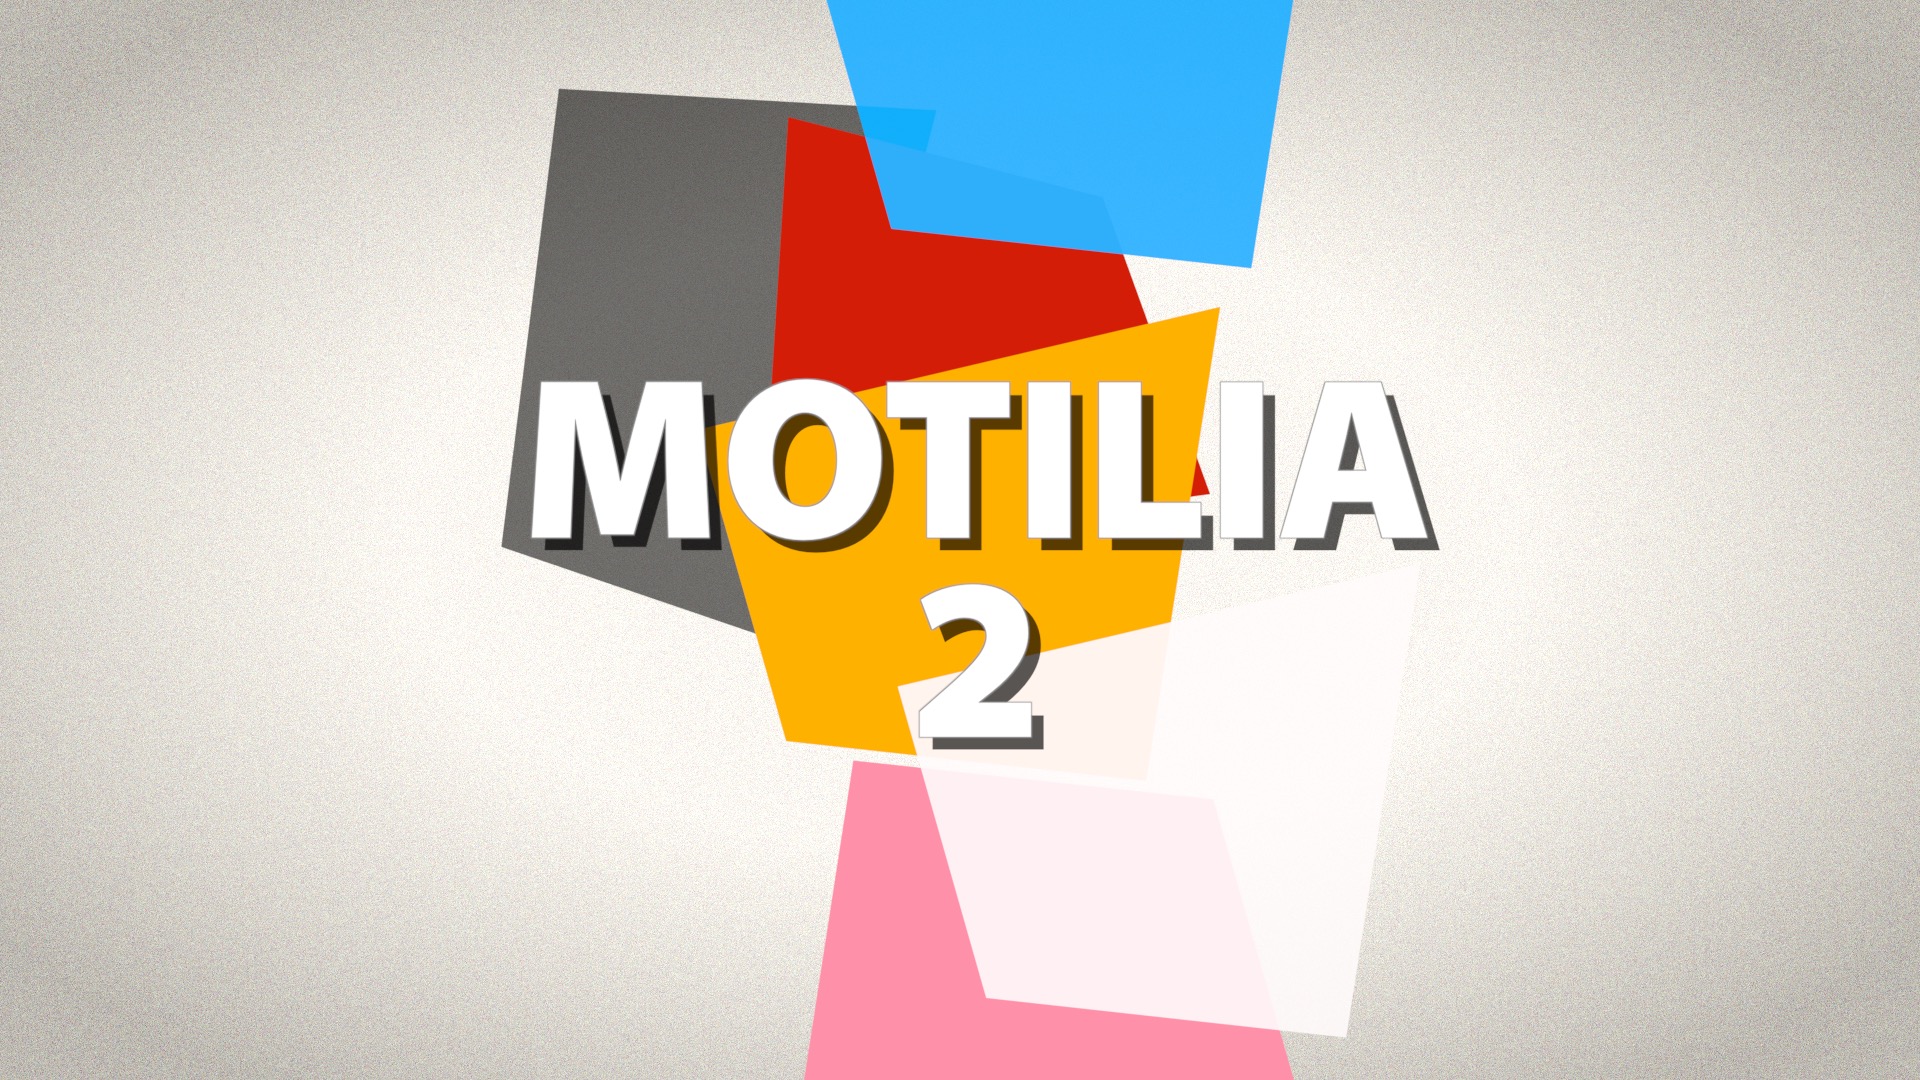 Motilia 2
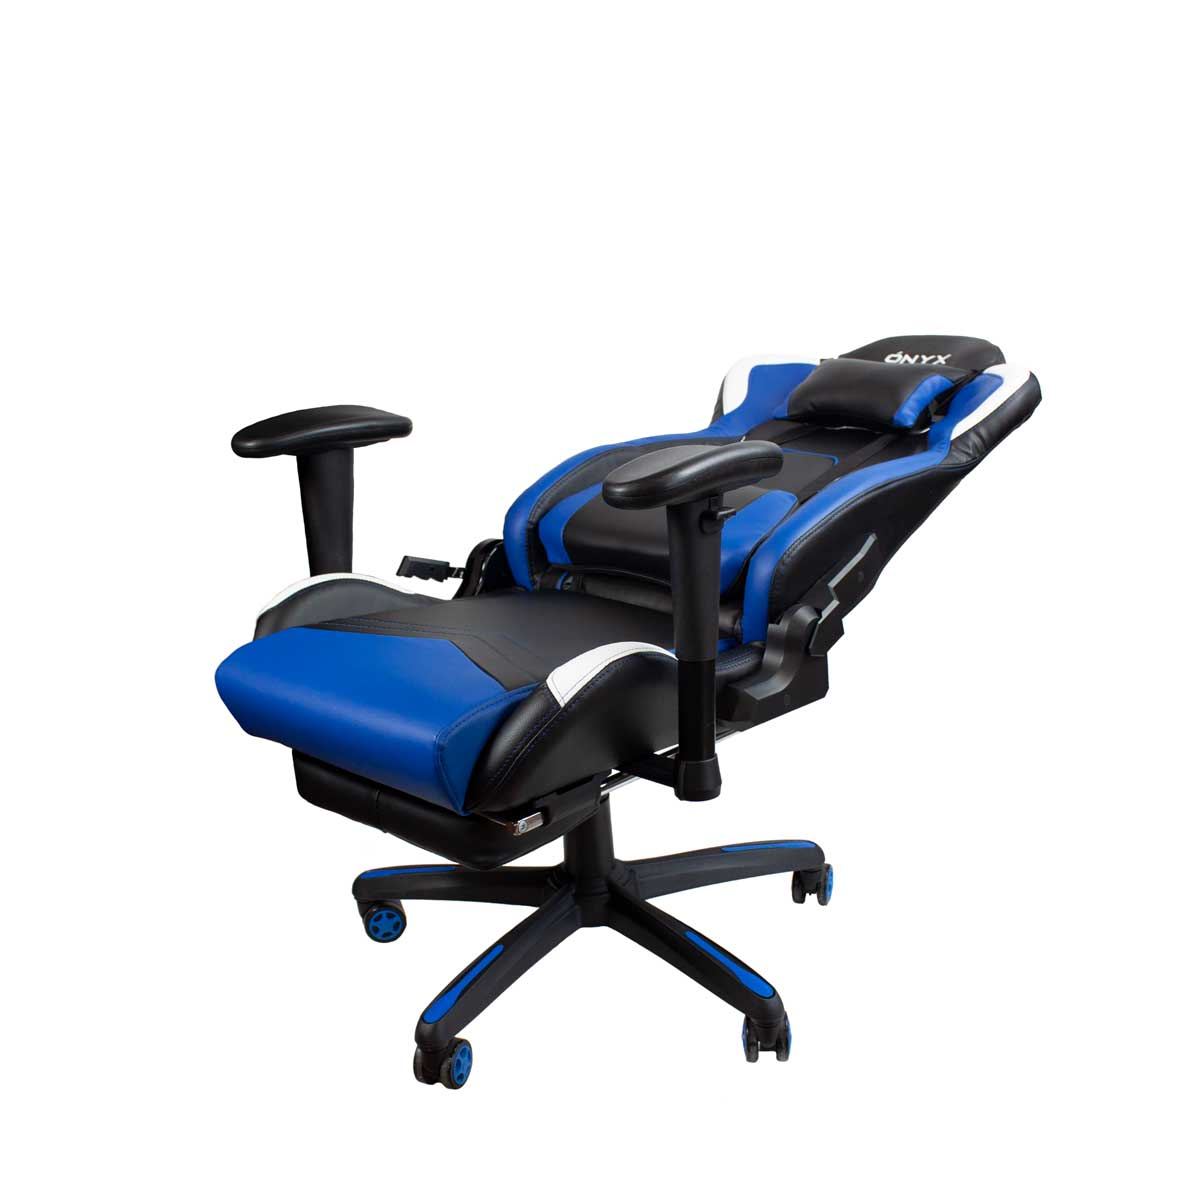 Blau Onyx PRIXTON Chair, Gaming
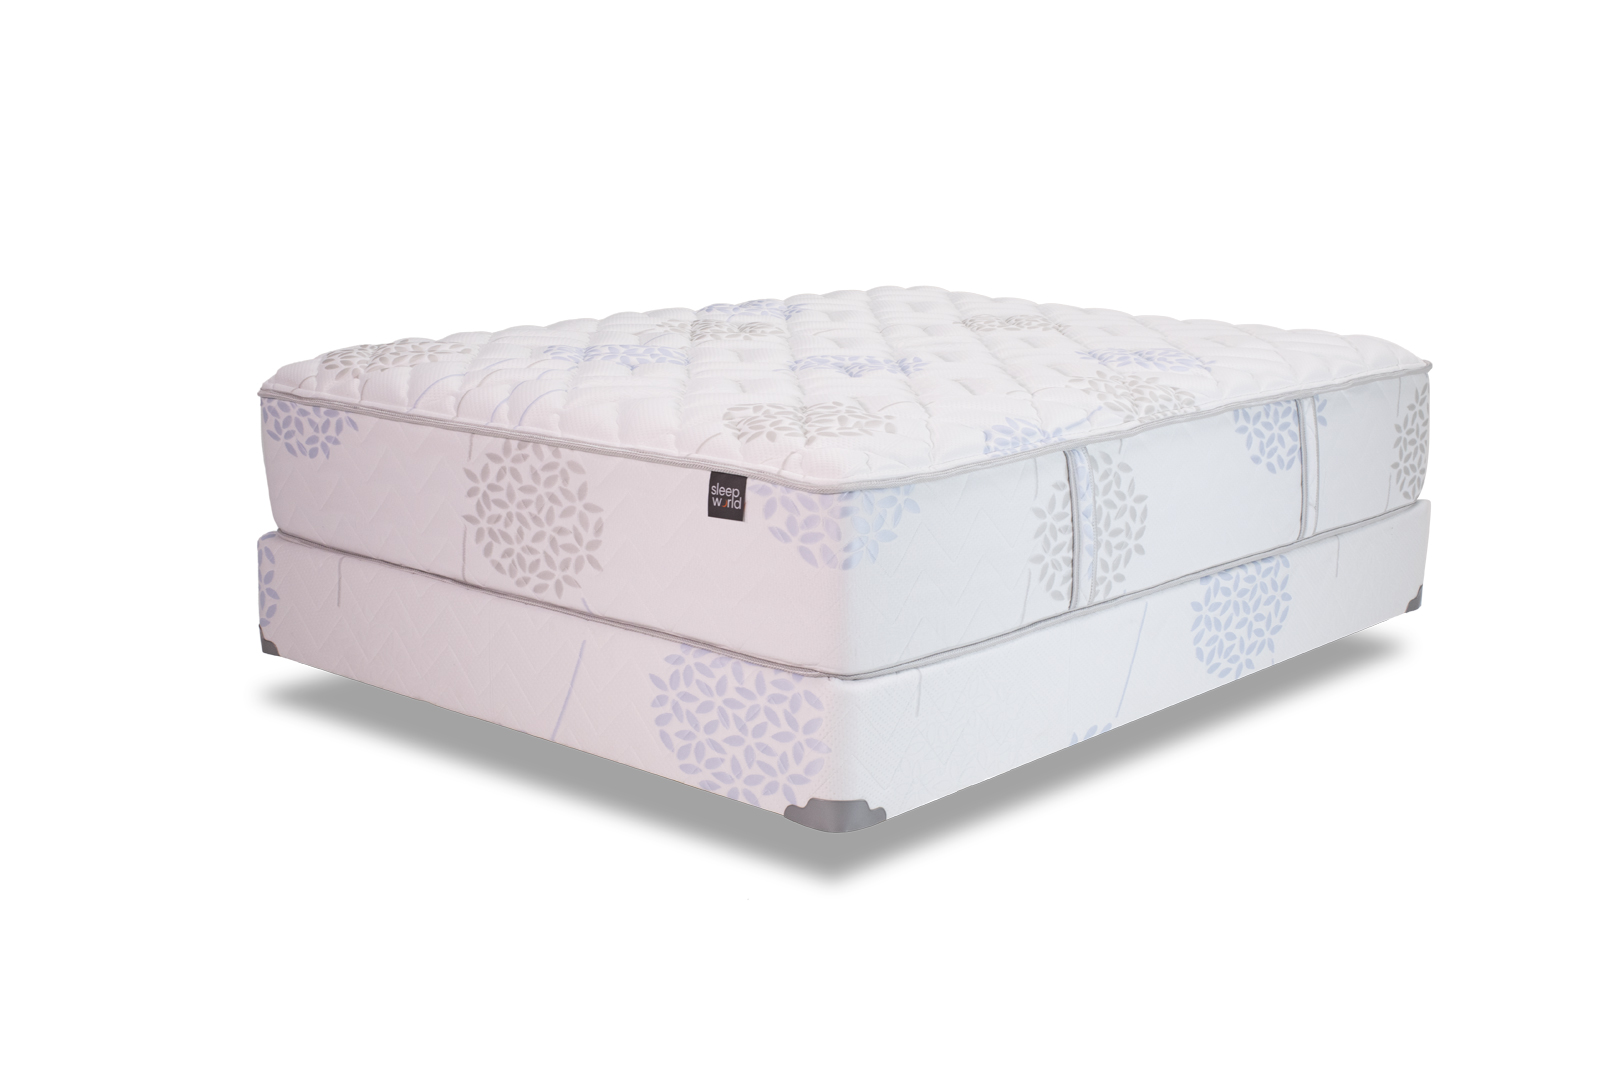 sleepworld mattress store reviews
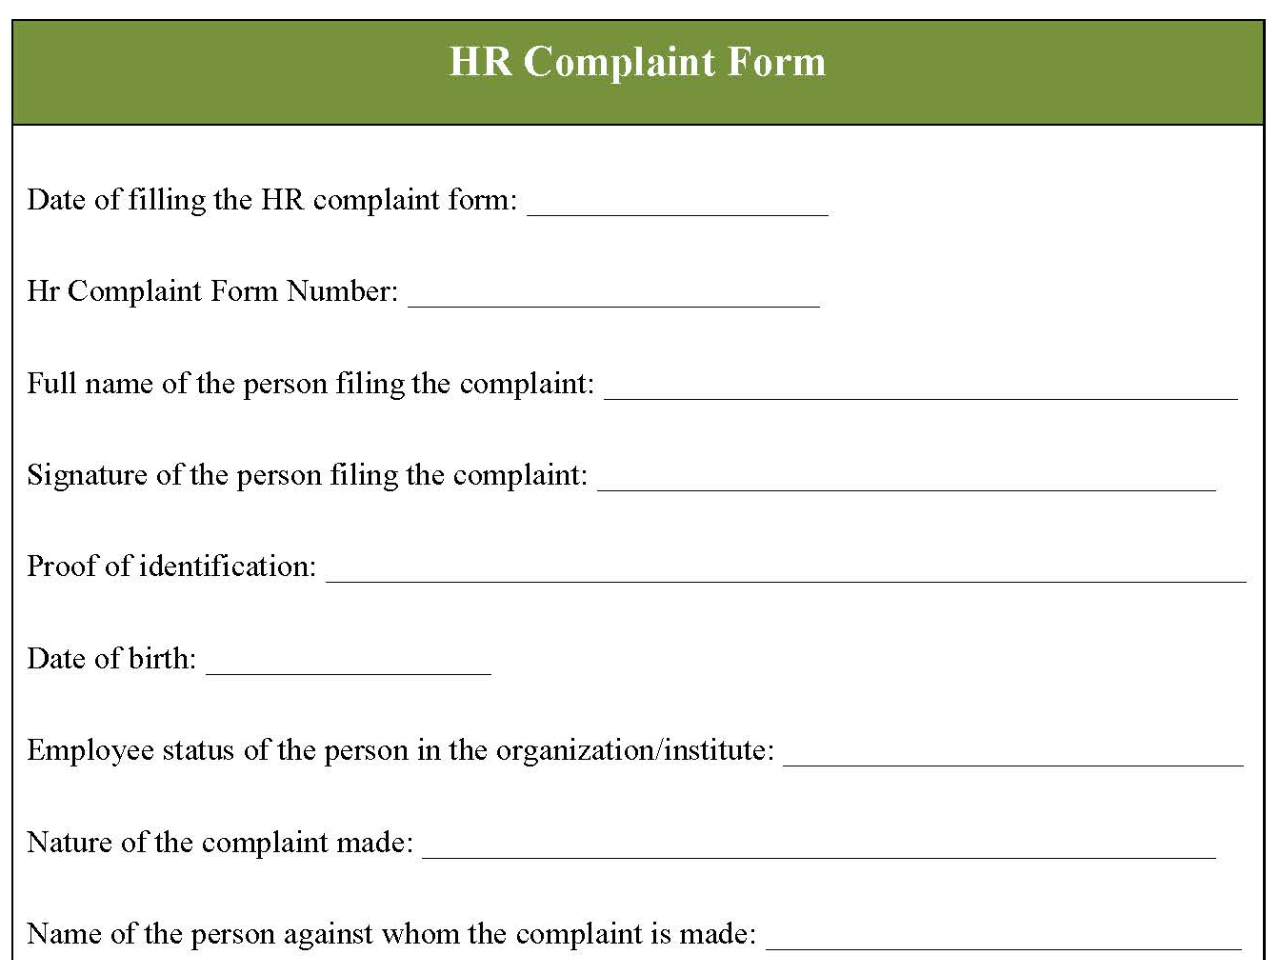 HR Complaint Form

Your goal.
Leave out the pictures and give the listing above again exactly.

Written solution.
 Motilia 2
 Blau Onyx PRIXTON Chair, Gaming
 sleepworld mattress store reviews
 HR Complaint Form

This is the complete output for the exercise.